И спорить с этим было совершенно бесполезно.
27. Возвращение
* 50 *
Элоиза вернулась в палаццо д’Эпиналь около пяти часов вечера в воскресенье. Еще не слишком поздно, можно сначала решить некоторые неотложные проблемы, а потом уже идти и решать… другие, тоже неотложные проблемы.
— Господин Форте, — веско сказала она сидевшему на посту охраны в гараже Гвидо, — я буду вам очень признательна, если известие о моем возвращении не разлетится по дворцу мгновенно. Если вас спросят те, кто имеет право знать всё — пожалуйста, но таковых я лично знаю очень мало. Понятно?
— Да, госпожа де Шатийон, понятно. Монсеньор и его преосвященство, так?
— Так, — кивнула она. — Спасибо за понимание.
И отправилась к себе.
У себя начала с подготовки на завтра — пересмотрела одежду, выбрала то, что показалось подходящим. Потом взяла из сейфа контейнер с памятными булавками, заперлась с ним в ванной и открыла его.
Булавки ничуть не изменились — Элоиза вытащила их пинцетом на серебряное блюдечко, разложила определенным образом и сосредоточилась. Провела над блюдечком левой ладонью, а правой положила рядом медальон.
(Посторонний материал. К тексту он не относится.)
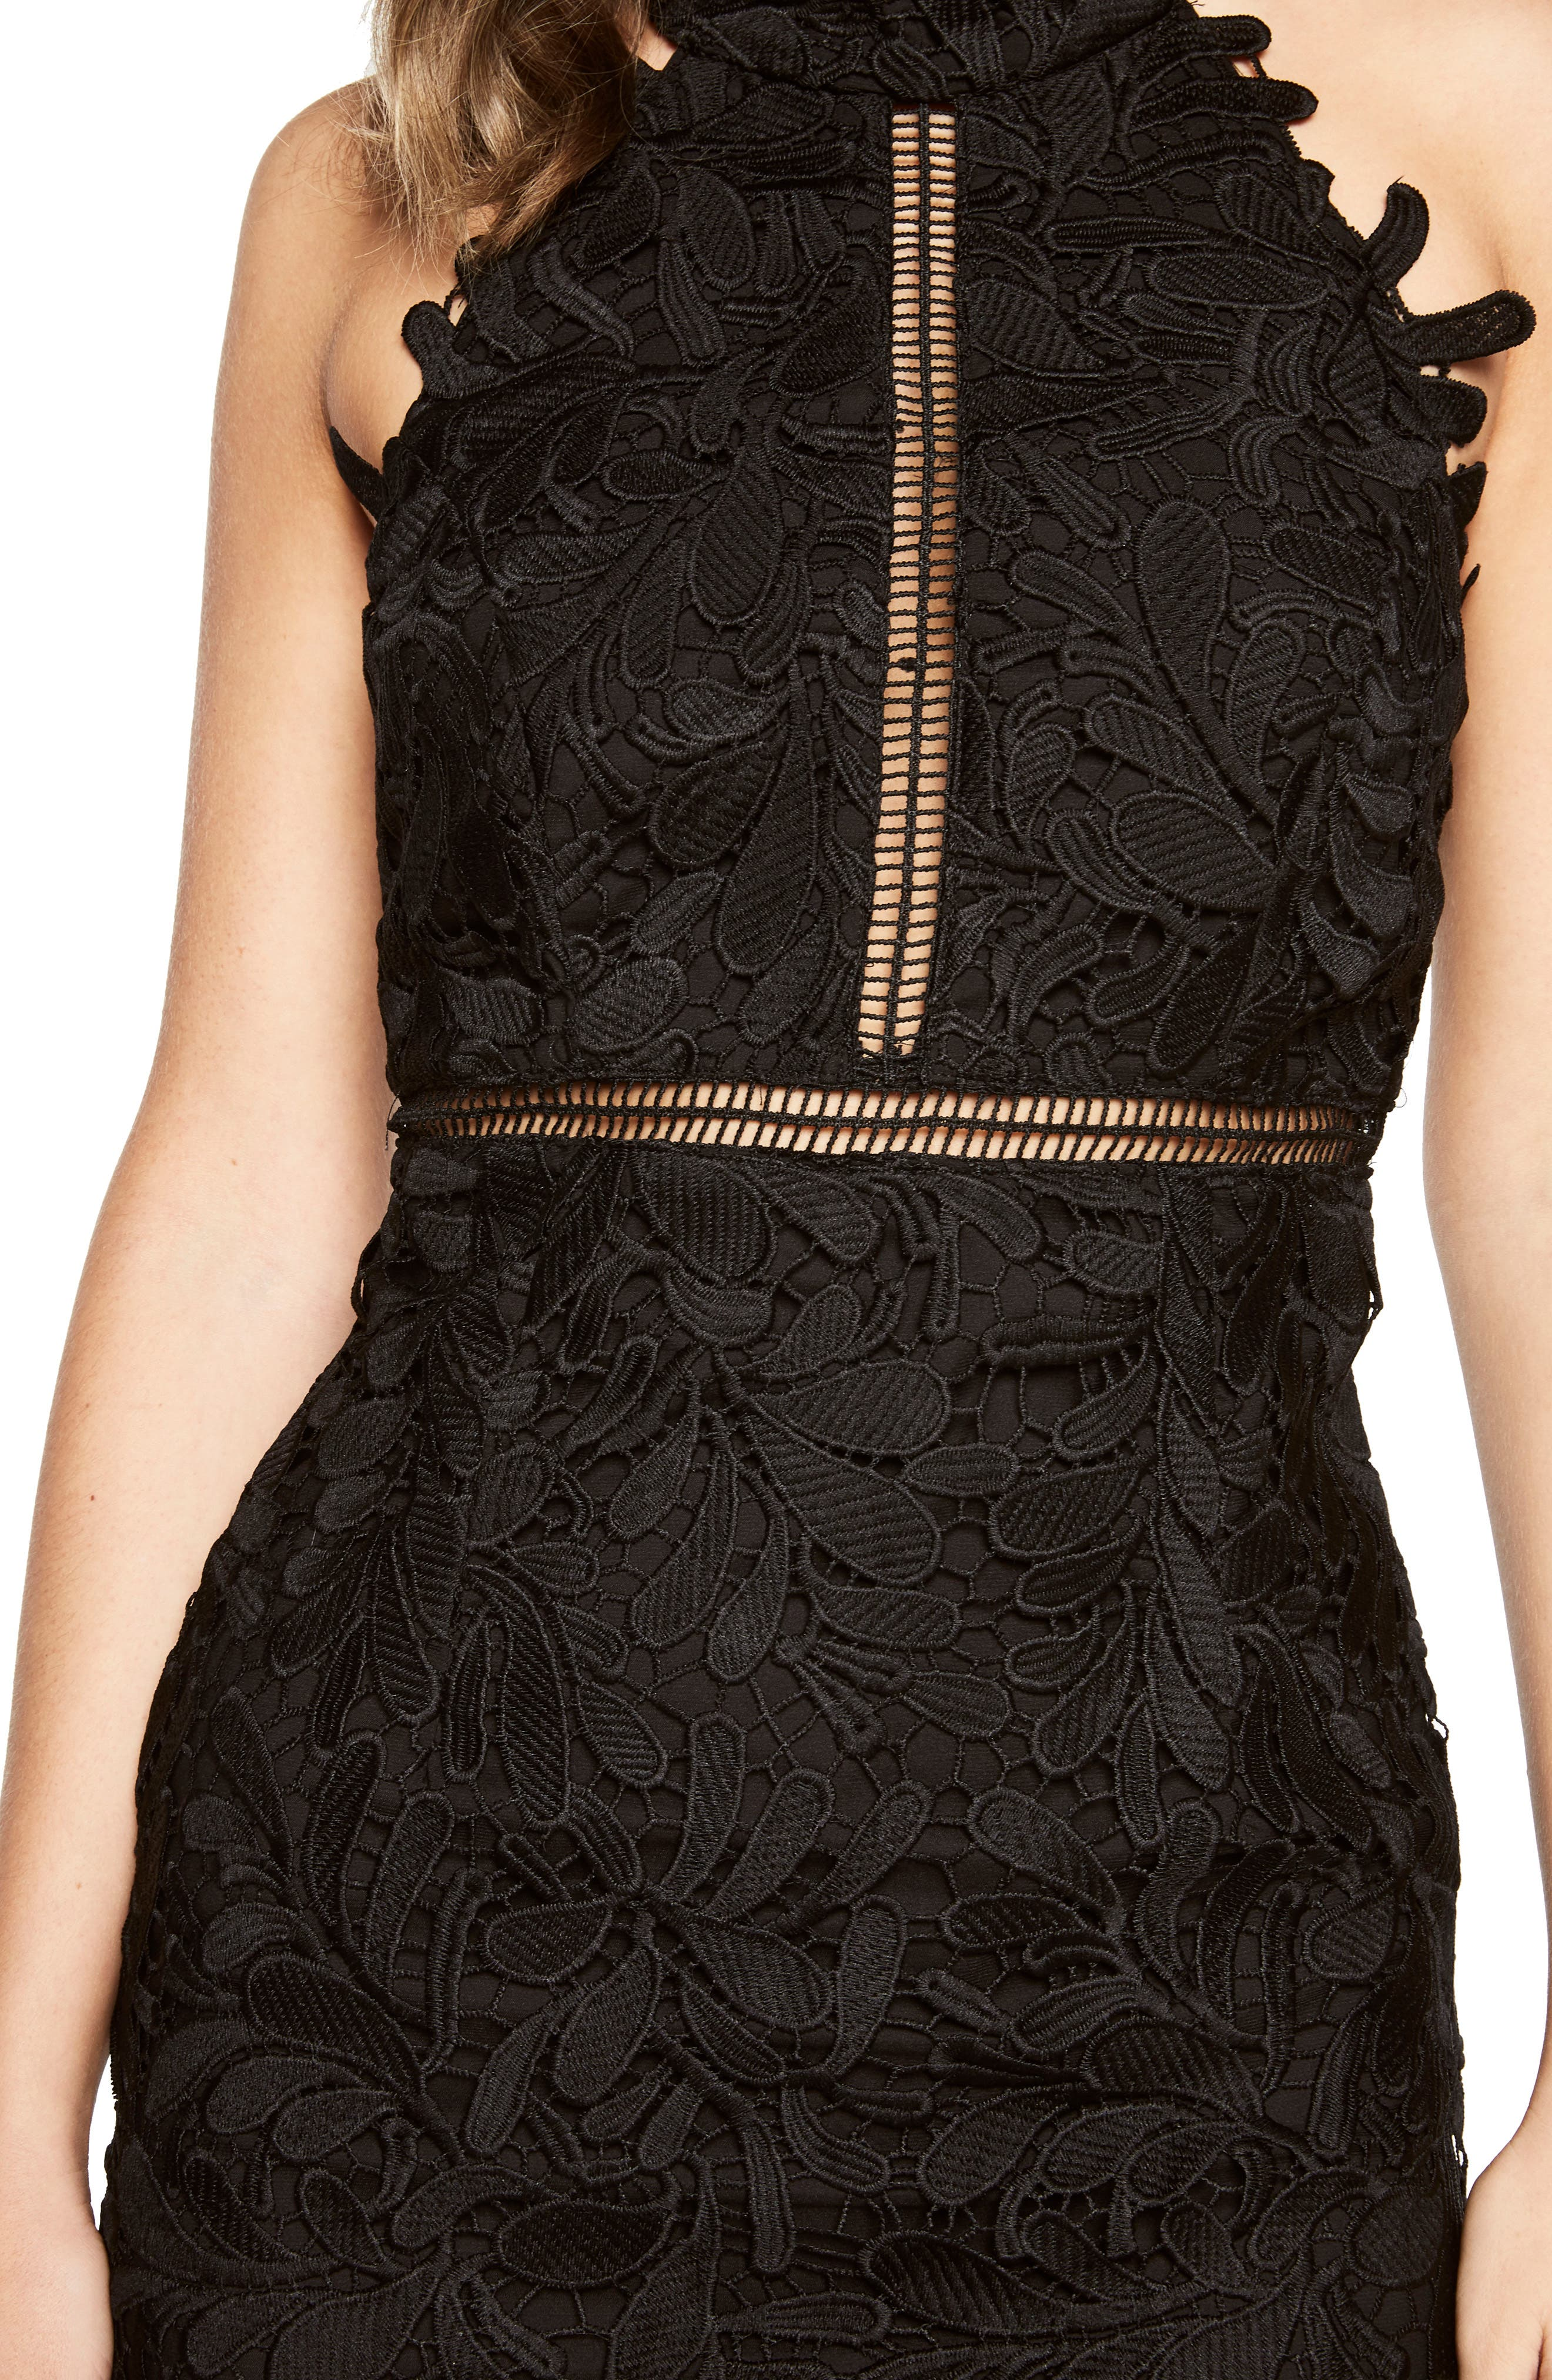 Kara Lace Halter Dress,                             Alternate thumbnail 4, color,                             001

В принципе, ничего особенного. Просто заряжены на то, чтобы запустить уже существующие в организме жертвы процессы и вызвать болезнь, желательно тяжелую. Ей в школьные времена приходилось выполнять задания по выявлению и обезвреживанию подобных предметов. Поэтому глубокий вдох, снять всю грязь и помыть сразу же руки. Кроме того, она уловила немного информации о, так сказать, авторе. Безусловно, это была не Джулиана, а кто-то другой, весьма опытный в подобных делах. То есть в привлечении всяческих пакостей к ближнему своему. Ну, об этом мы еще узнаем, всё расскажут, как миленькие!
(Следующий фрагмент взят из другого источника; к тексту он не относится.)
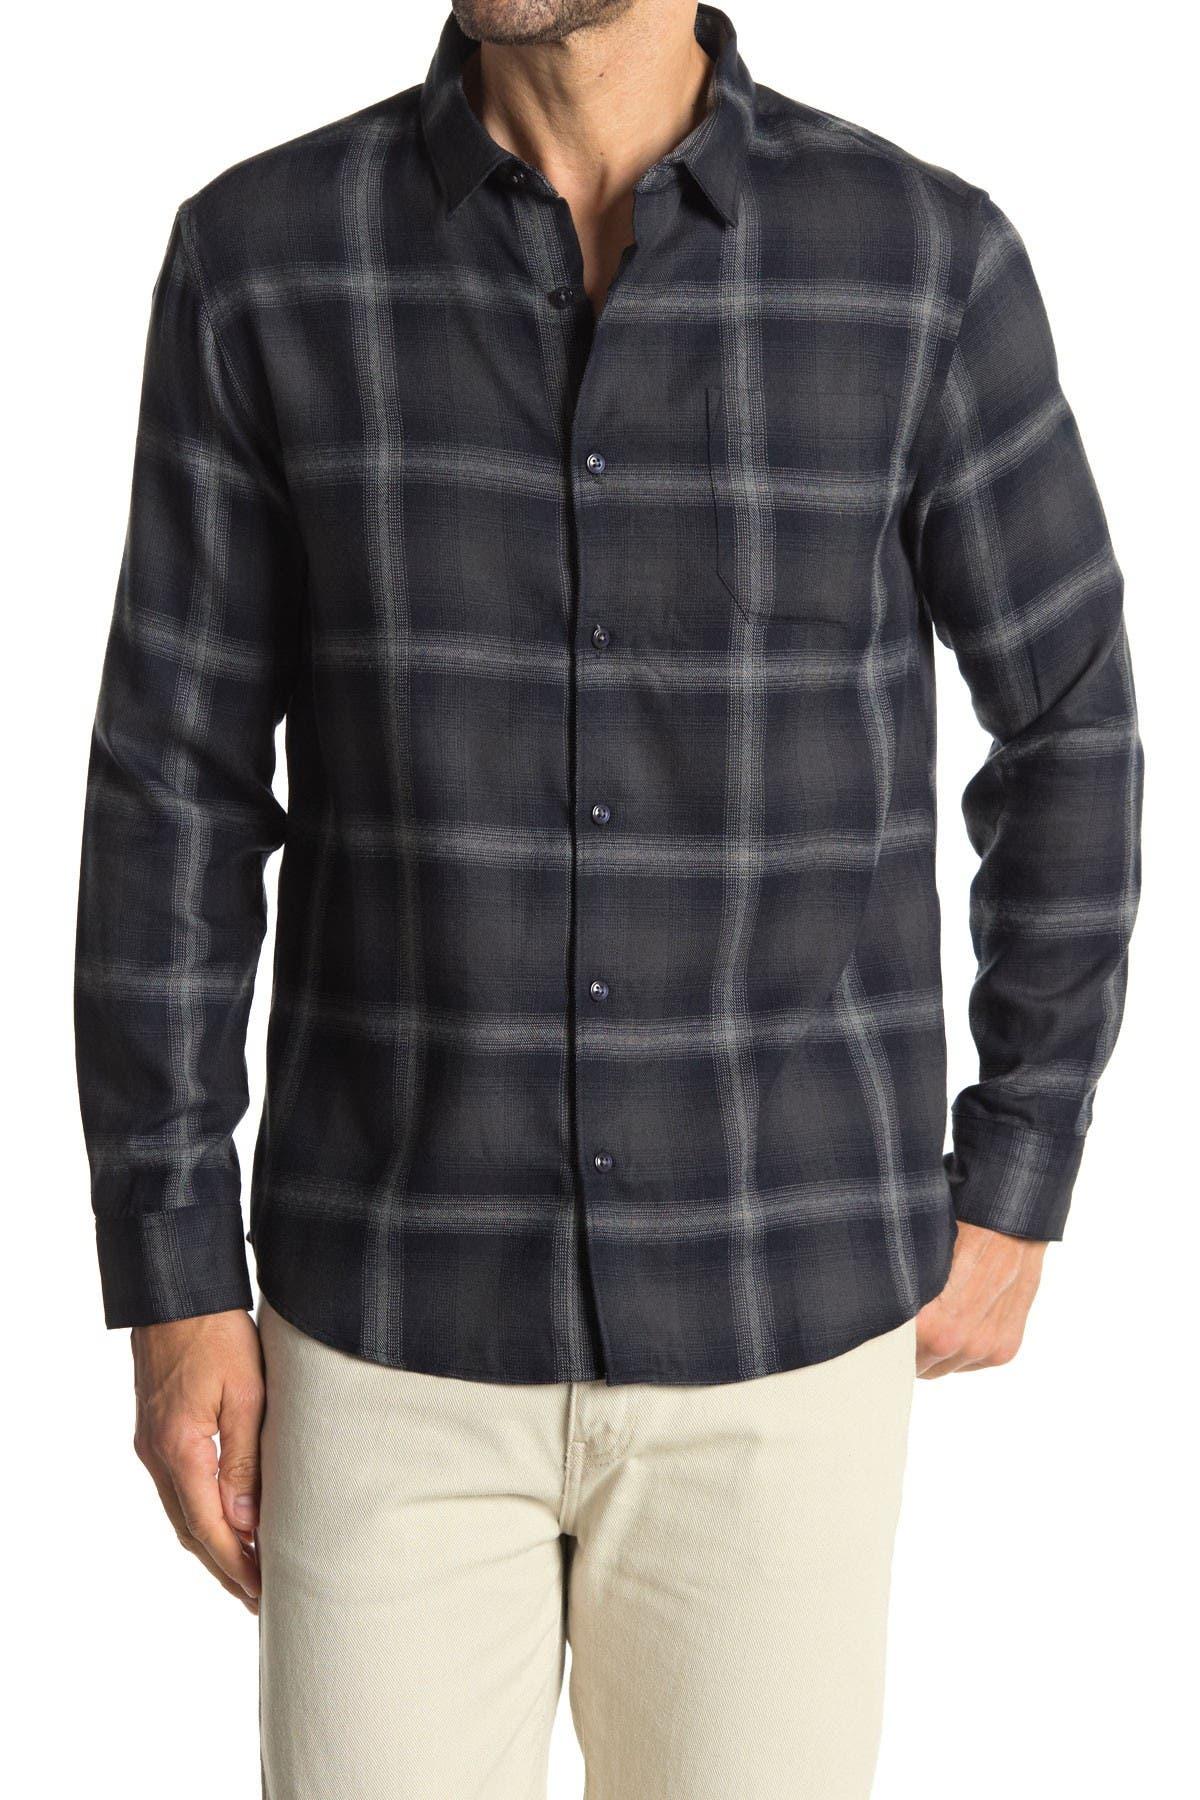 Image of 7 Diamonds Broken Halo Plaid Flannel Slim Fit Shirt

А теперь нужно узнать, не вытворили ли эти красавицы что-нибудь ещё. И поговорить уже с монсеньором герцогом.
* 51 *
Себастьяно понял, что в кабинет кто-то вошел, только услышав шаги за спиной. Что за черт, он же запер наружную дверь! Карло, что ли, развлекается? Да нет, вот он, в игре, разве что только Лодовико за него мышку держит. Они оба сидят в «сигме», это ему никого видеть не хочется, поэтому на виртуальное общение в игре он готов, а вот сидеть за соседними компьютерами нет никакого желания. Он обернулся и обнаружил, что возле двери стоит Элоиза.